Among the lines below, output only those between the line holding "Diadema dorada, el" and the line holding "Atualização estaria prejudicando", inclusive, exactly as written and with no pictures.

* DATASET CONTENT
· · · ·

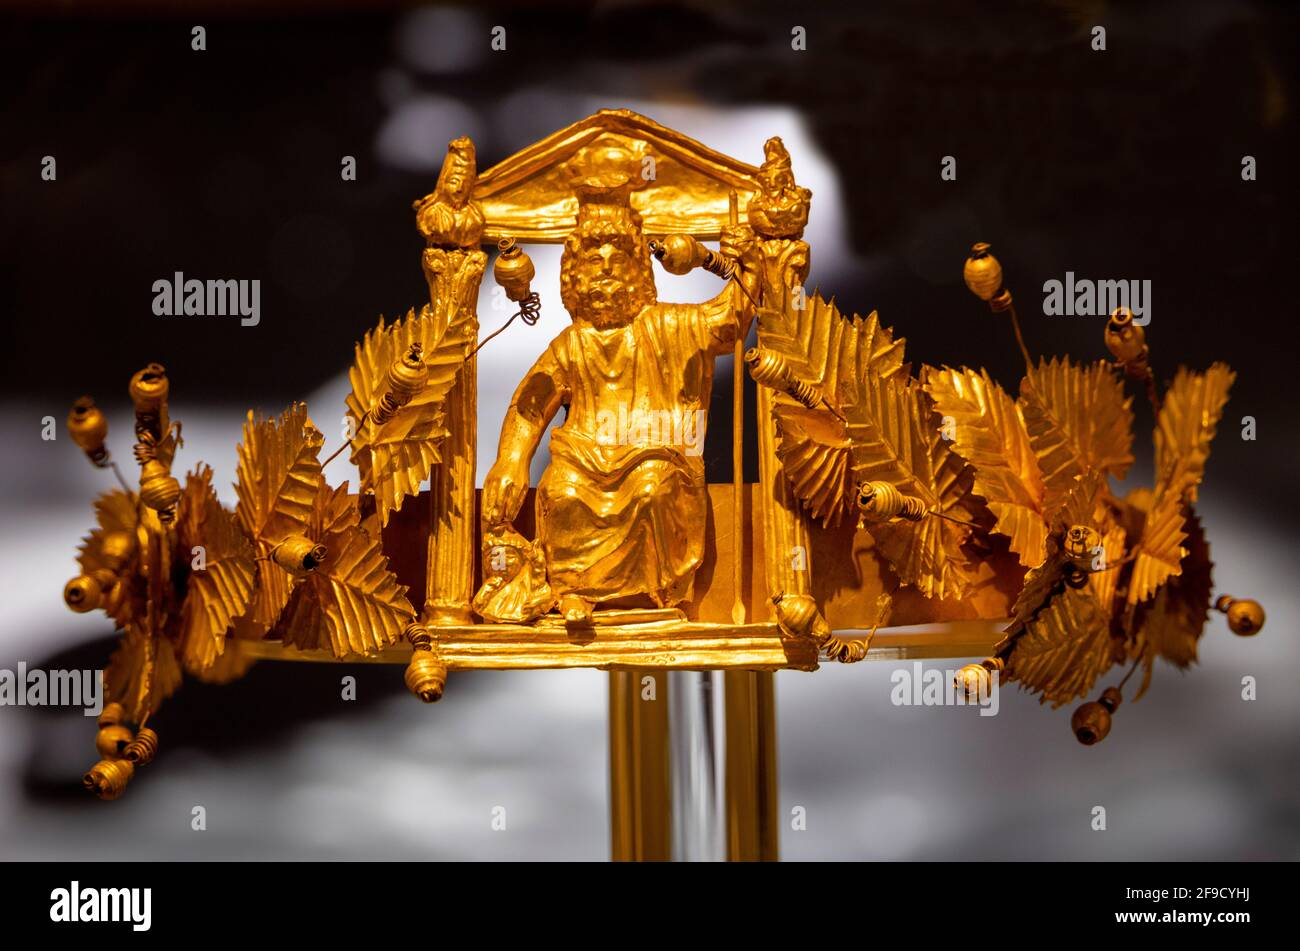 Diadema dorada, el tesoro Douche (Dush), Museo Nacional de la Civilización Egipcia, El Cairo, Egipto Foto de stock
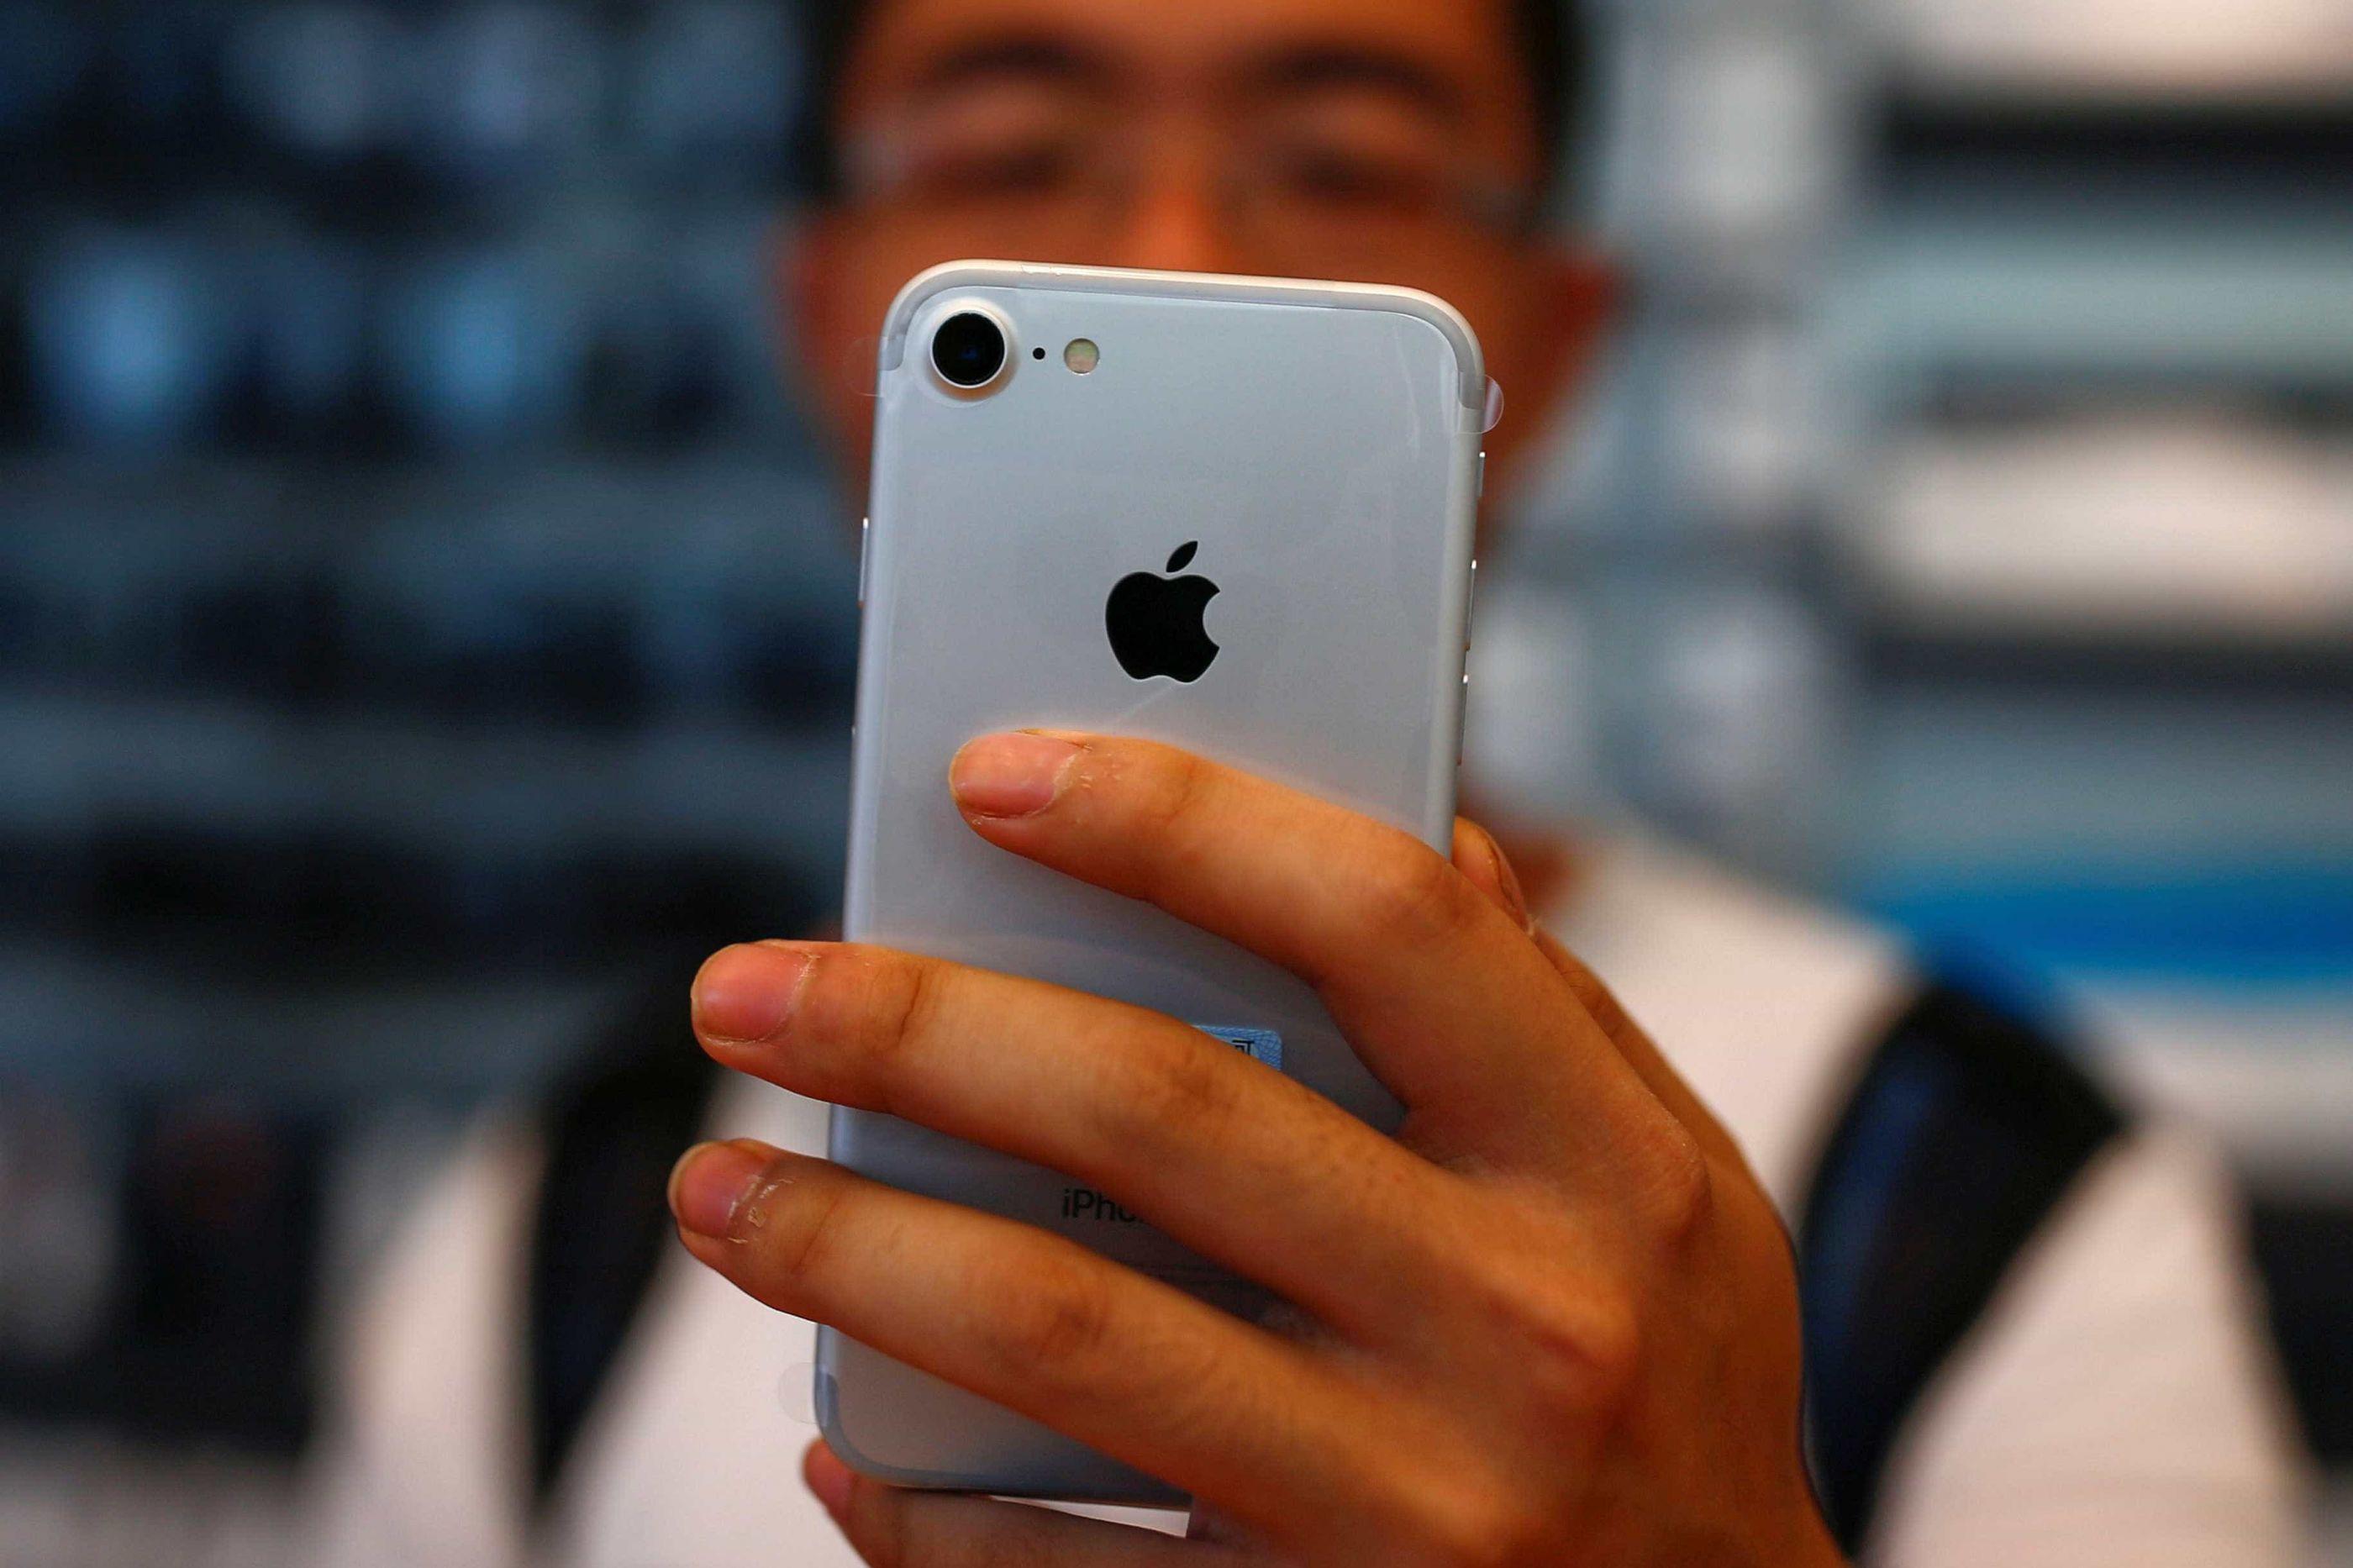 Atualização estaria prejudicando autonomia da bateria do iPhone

· · · ·

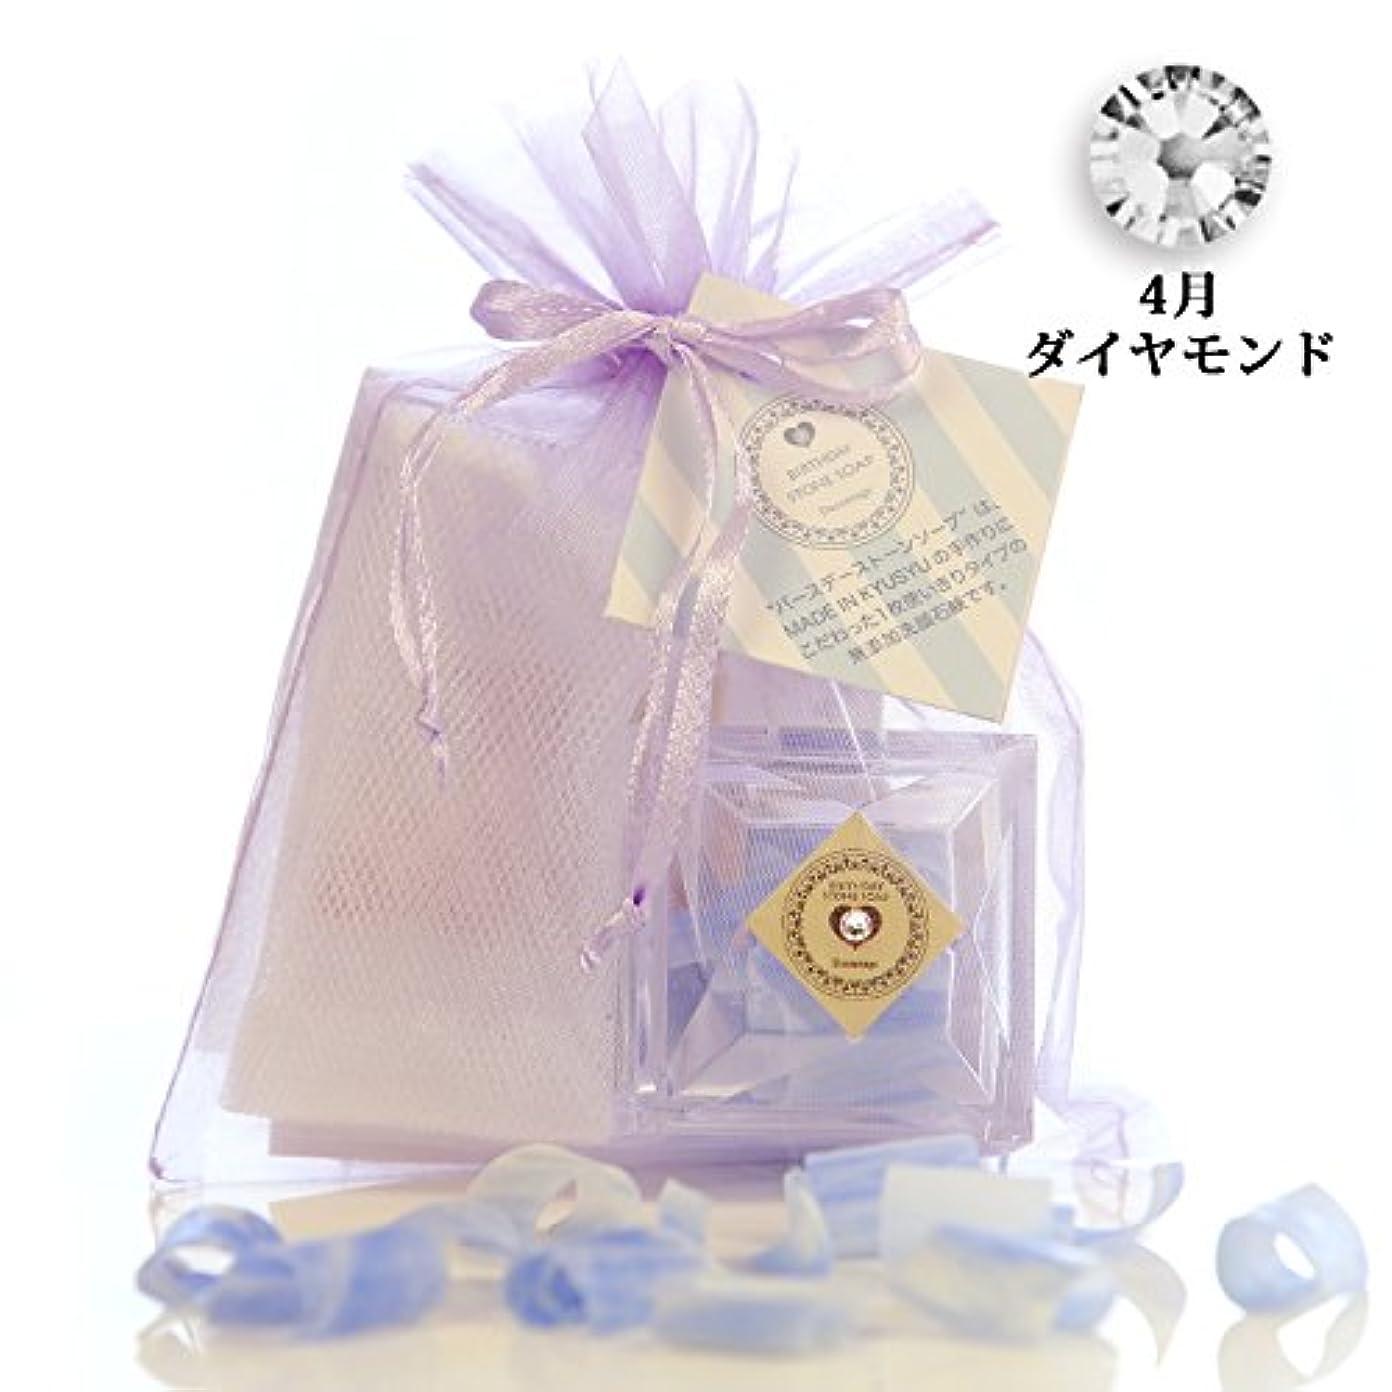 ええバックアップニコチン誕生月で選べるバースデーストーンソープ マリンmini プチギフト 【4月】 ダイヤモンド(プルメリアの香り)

· · · ·

* ANSWER
 Diadema dorada, el tesoro Douche (Dush), Museo Nacional de la Civilización Egipcia, El Cairo, Egipto Foto de stock
 Atualização estaria prejudicando autonomia da bateria do iPhone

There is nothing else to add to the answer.